I’ve generated a pre-deploy.sh script that can do setup (like copying config files). It’s driven by an existing setting (called hooks) in my services.yaml:

homepage:
# ...
docker:
env-file: .env
file: docker-compose.yaml
hooks:
pre:
- cp $DIR/config/* /srv/homepage/config

Somewhat driving home the point that a small CLI can be a good abstraction.

The rest of the settings are pretty self-explanatory: Tags and descriptions are metadata; we tell it to run on a specific server and to pull from a specific git repo, both components we’ll define in a second.

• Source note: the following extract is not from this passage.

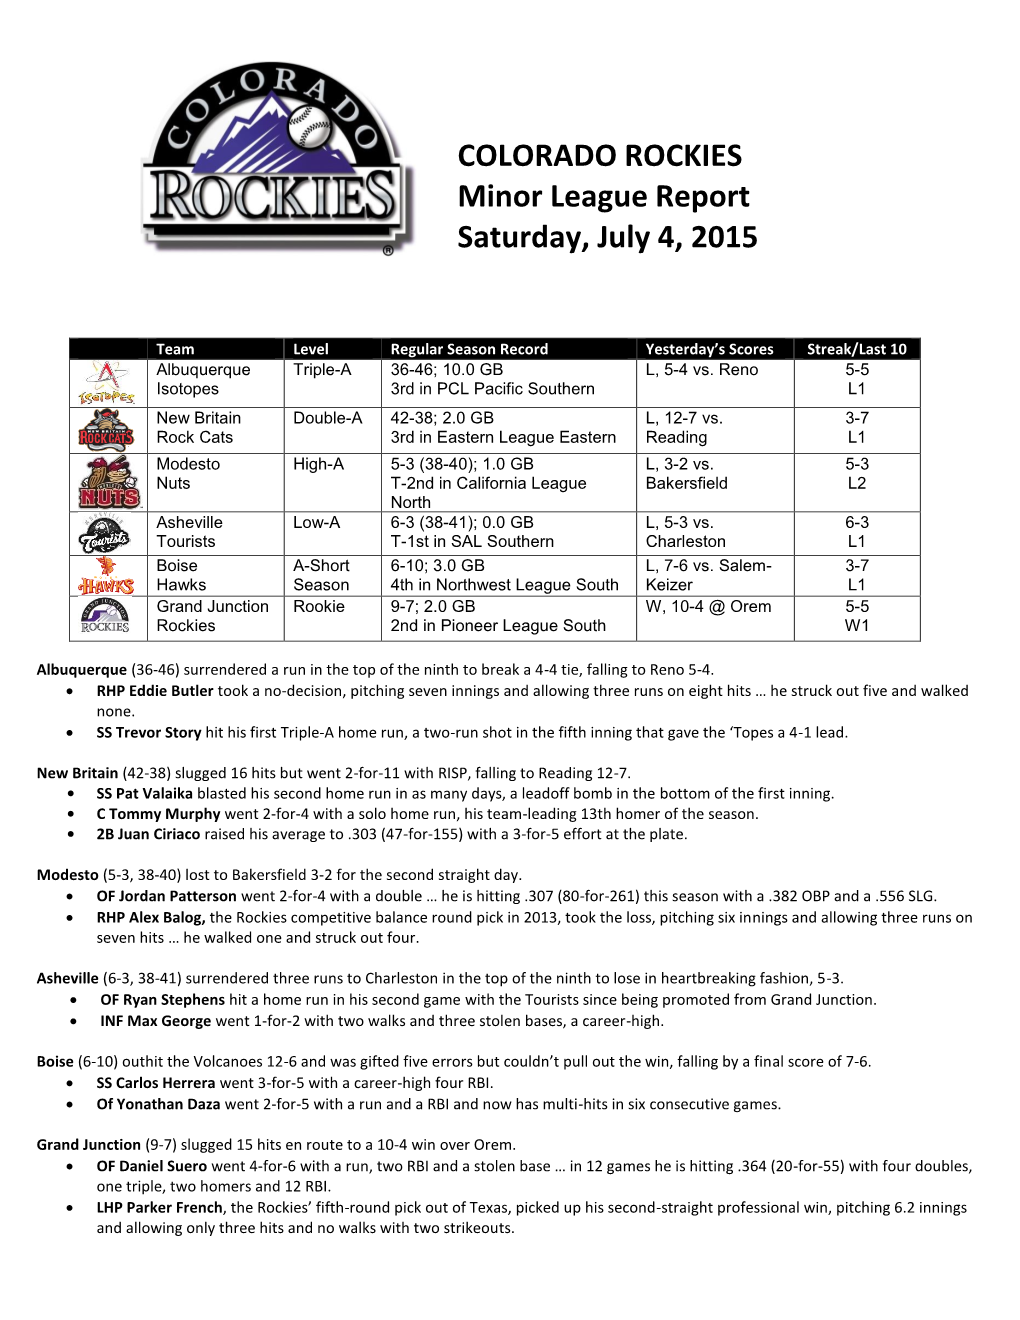 COLORADO ROCKIES Minor League Report Saturday, July 4, 2015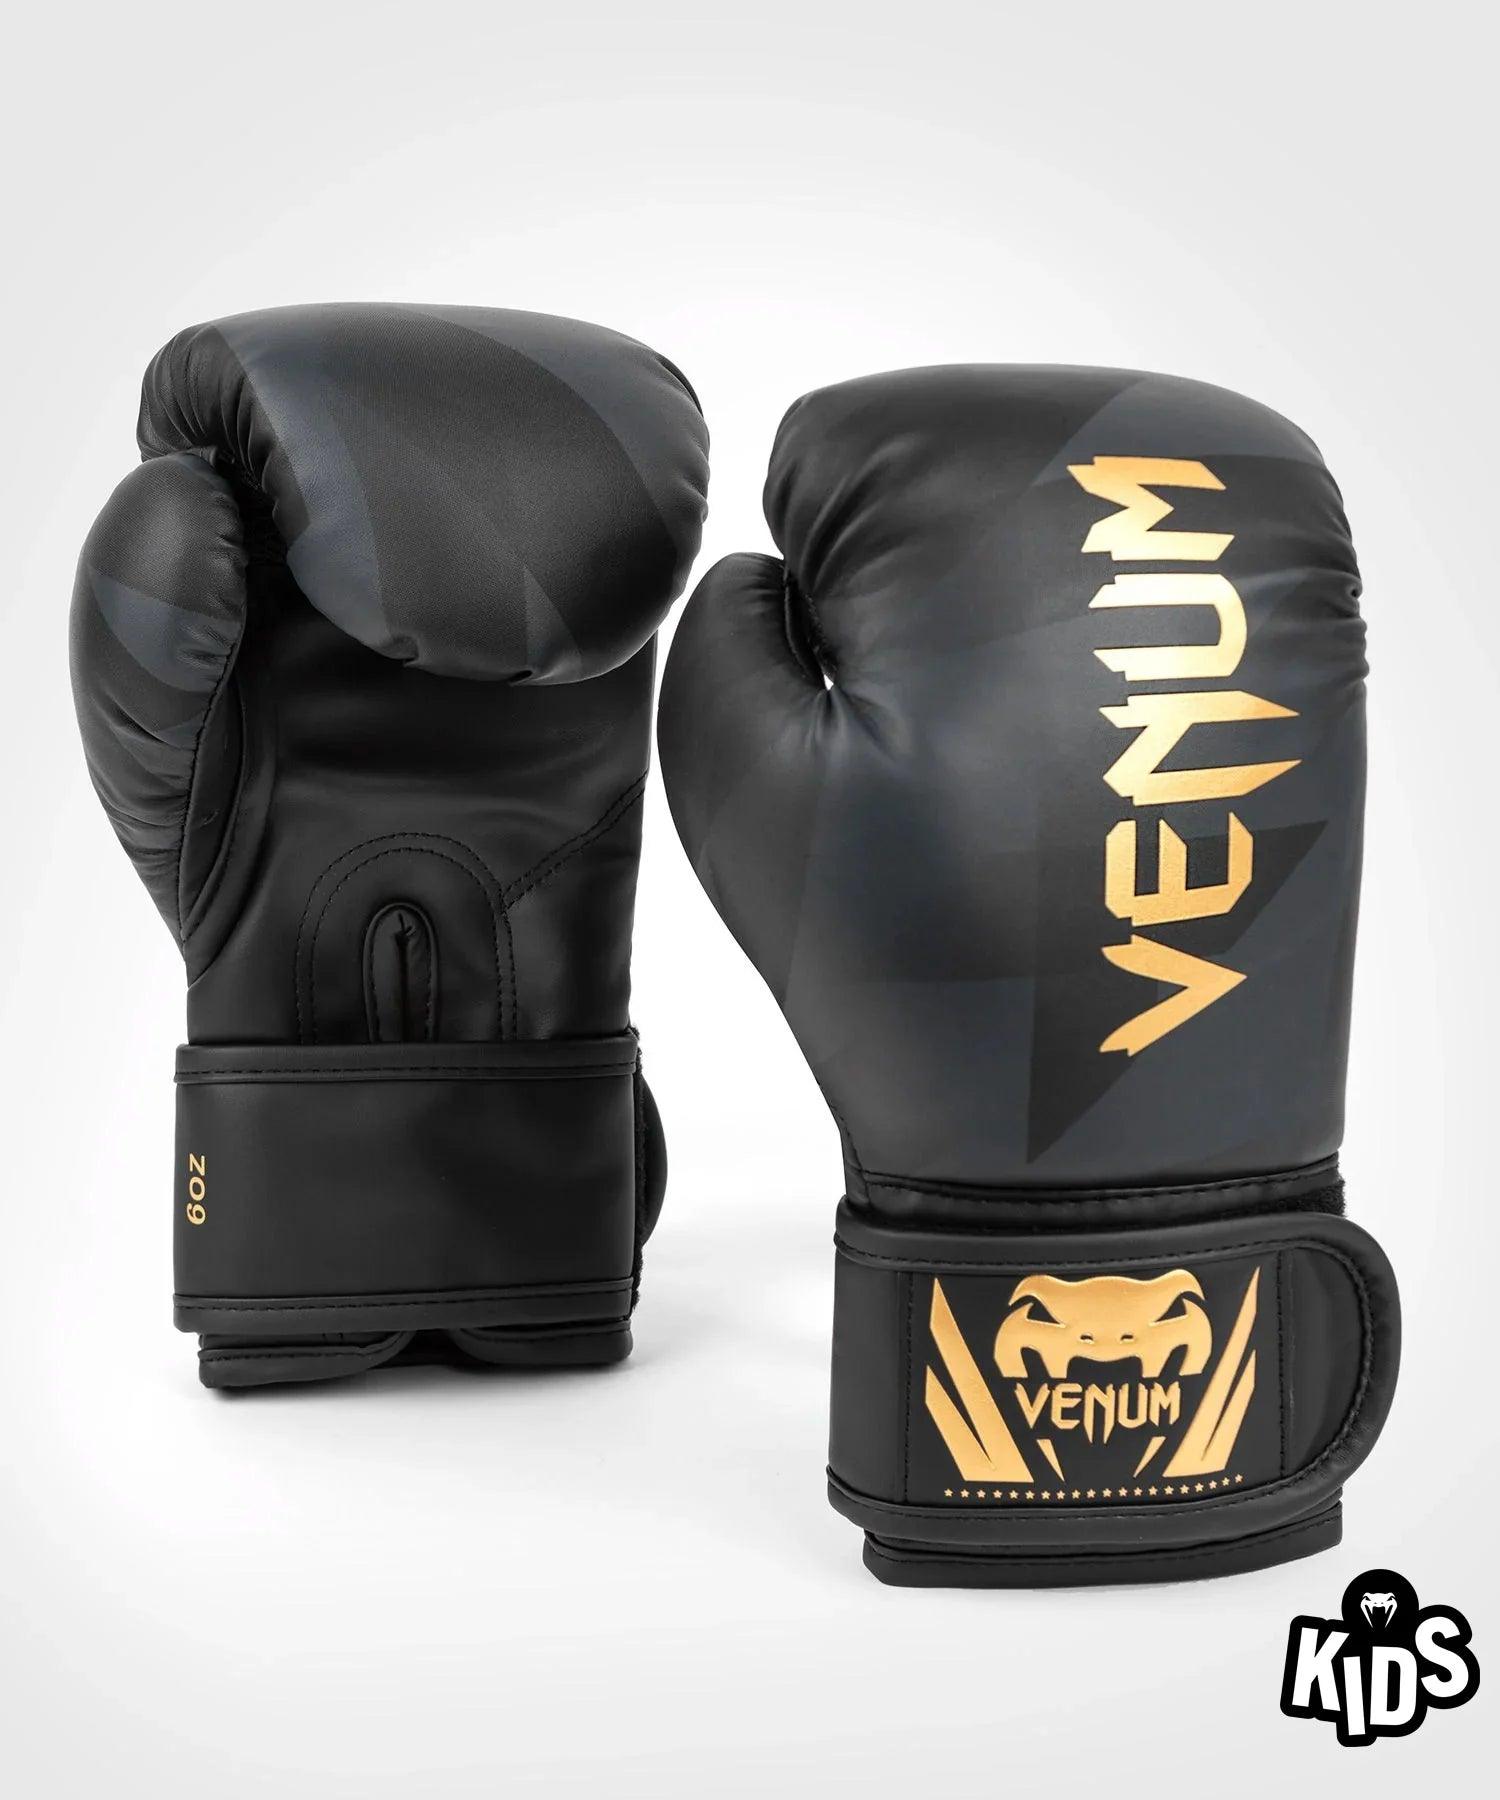 Gants de Boxe Venum Razor - Pour Enfants - Noir/Or - Boutique des Arts Martiaux et Sports de Combat

sync-service: What stacks to create

Since we can’t just copy the toml into the UI (like you can with json in datadog, for instance), we also need to create a sync.

Komodo is able to create, update, delete, and deploy resources declared in TOML files by diffing them against the existing resources, and apply updates based on the diffs.

This sync-service refers to the stacks from earlier:

[[resource_sync]]
name = "services-dev"
description = "Main deployment sync for services."
tags = ["dev"]
[resource_sync.config]
linked_repo = "my-config-repo"
resource_path = [
"docker/homepage/komodo_deployment.dev.toml"
]

And will effectively create the actual stacks. heidrun’s templating just fills in the resource_path array.

service-sync: The starting point

Since we need to tell Komodo to sync our resources from git, but we also create all these resources based on files in that very git repo, we need a starting point for the whole deployment chain.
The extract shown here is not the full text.